Visions Festival 2014 - The DiS Review
Visions Festival 2014 - The DiS Review
RussWarf by Russell Warfield August 11th, 2014

As the acts which played Camden Crawl will tell you, it hasn’t been the best year for one-day multi-venue festivals. They sound like such a wonderful and winning idea. But in practice, they’ve yielded uneven results – synonymous with traipsing around endlessly and impenetrable queues. How refreshing, then, to have the format so enjoyably packaged by Visions Festival, an event only two years old but startlingly well formed. It’s a beacon of good practice for what these sort of events can be.

Just looking at it on paper, the curation reveals itself to be sharp and bold. Wild juxtapositions of sound are glued together by a singular vision of quality – lurching across the contemporary alternative scene from riotous hardcore punk to wistful piano-based song writing, each act at Visions feels like it feeds into a trendy, overarching tapestry of what’s good now. The starkness of contrast between artists today is one of the event’s greatest strengths.

The day begins in the dank Laundry, with Cheetahs taking us though their deliciously sludgey blend of post-rock and post-punk in a bracing half hour blast. And, in the first of many of those smash-cut juxtapositions of the day, they’re followed by the ethereal falsetto of Alice Boman’s yearning love notes in the New Empowerment Church. Performing songs from both EPs, the simplicity of the songs is substantiated by her arrestingly clear but childlike voice, and the loose ornamentation of soft, live drums.

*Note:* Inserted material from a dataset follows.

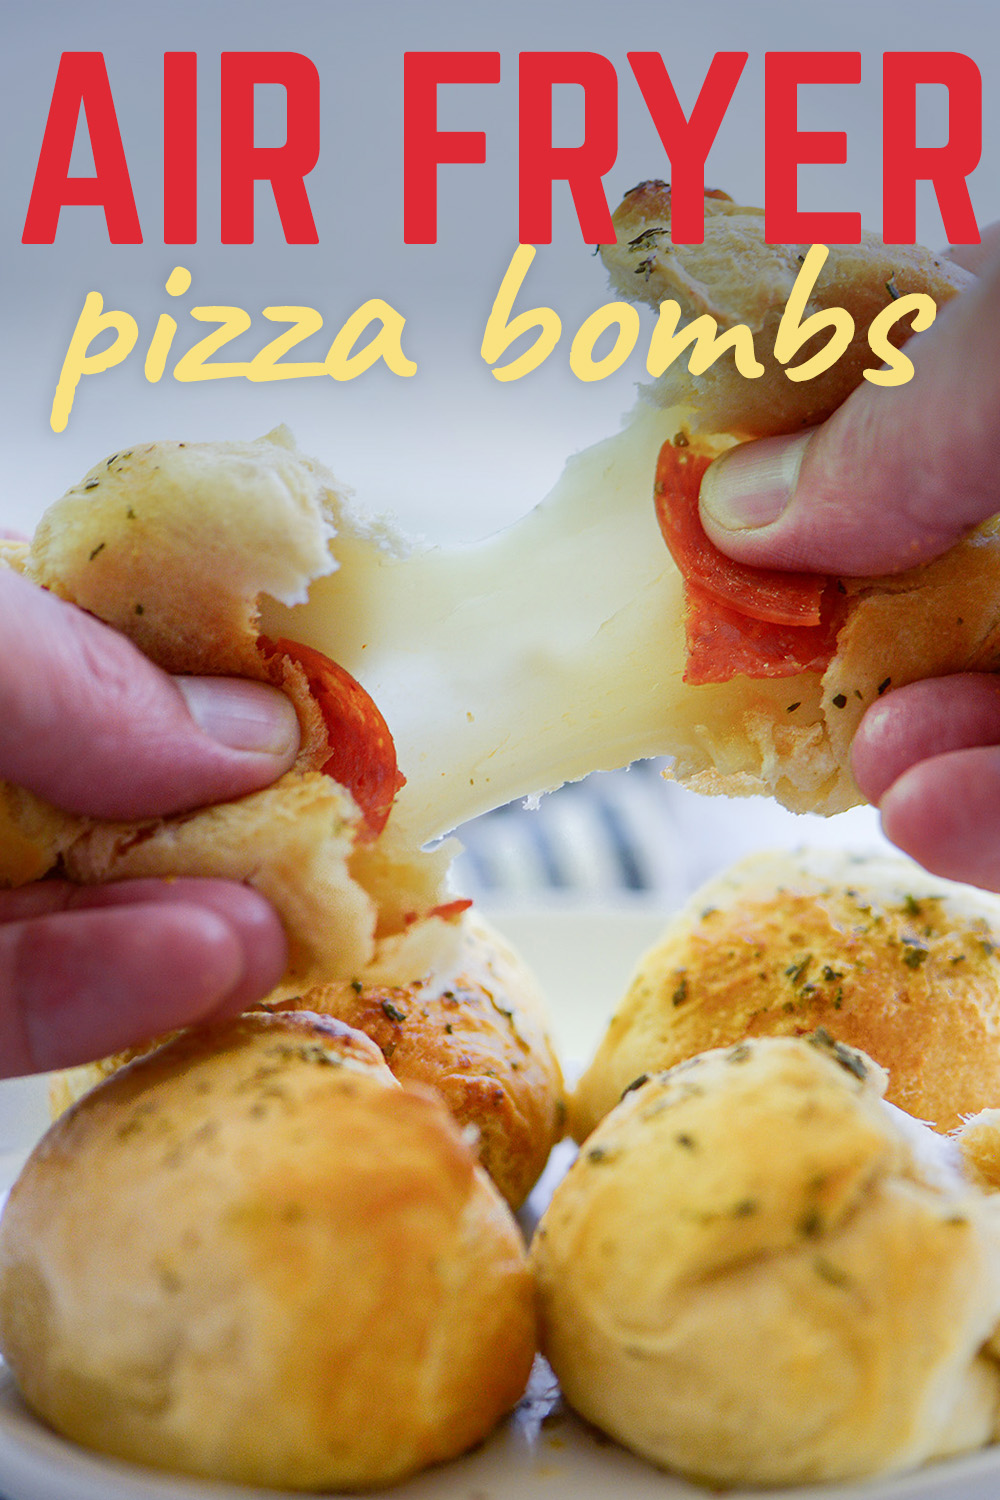 These soft, fluffy, filled little dough balls have a ton of cheese and pepperoni in them!  Be sure to try dipping these pizza bombs in some pizza sauce for the perfect appetizer!

One of the most hotly anticipated acts of the day – Perfect Pussy (pictured above, by Mike Burnell) – are also one of the biggest disappointments. At their best, their sound is all consuming, washing you in layers of overdriven chaos not typically associated with music so blisteringly uptempo. But the mix leaves no space for detail, and absolutely obliterates the vocals, which is a great shame for a band whose poetics are integral to their punch. The room remains static, the band seems frustrated, and the set ends even sooner than its allotted half hour.

In contrast, the day’s out and out highlight is a joyous dance set from Sophie in the Brewery. Since the last time I saw him, his restless self-sabotage has been rounded off into a sound a little easier to engage with physically, rather than having beats drop from under you like trapdoors at every corner. The vocals are a crash course in how to turn an absolute monster of humid summertime hook, and the addictive, visceral momentum of his set brings the packed room to euphoria. The tracks he’s sitting on could make an LP to raze the charts and the underground in equal measure – a true treasure, and definitive summer music.

By the end of the day, one or two of the inevitable downsides to these things start to crop up. The venues are hot and crowded, and Perfume Genius has trouble cutting through the sweat with his fractured and vulnerable vignettes. But the overwhelming experience of the day is incredibly positive. The venues are great; they’re a stone’s throw away, and they’re accessible. It’s all the good stuff. As I looked over London Fields from the festival’s rooftop bar after an arm wrestling tournament refereed by Andrew WK (did I not mention that yet?) it was easy to come to the conclusion that Visions Festival has pretty much cracked this day-long, multi-venue format. And it’s only in its second year. Long may it continue.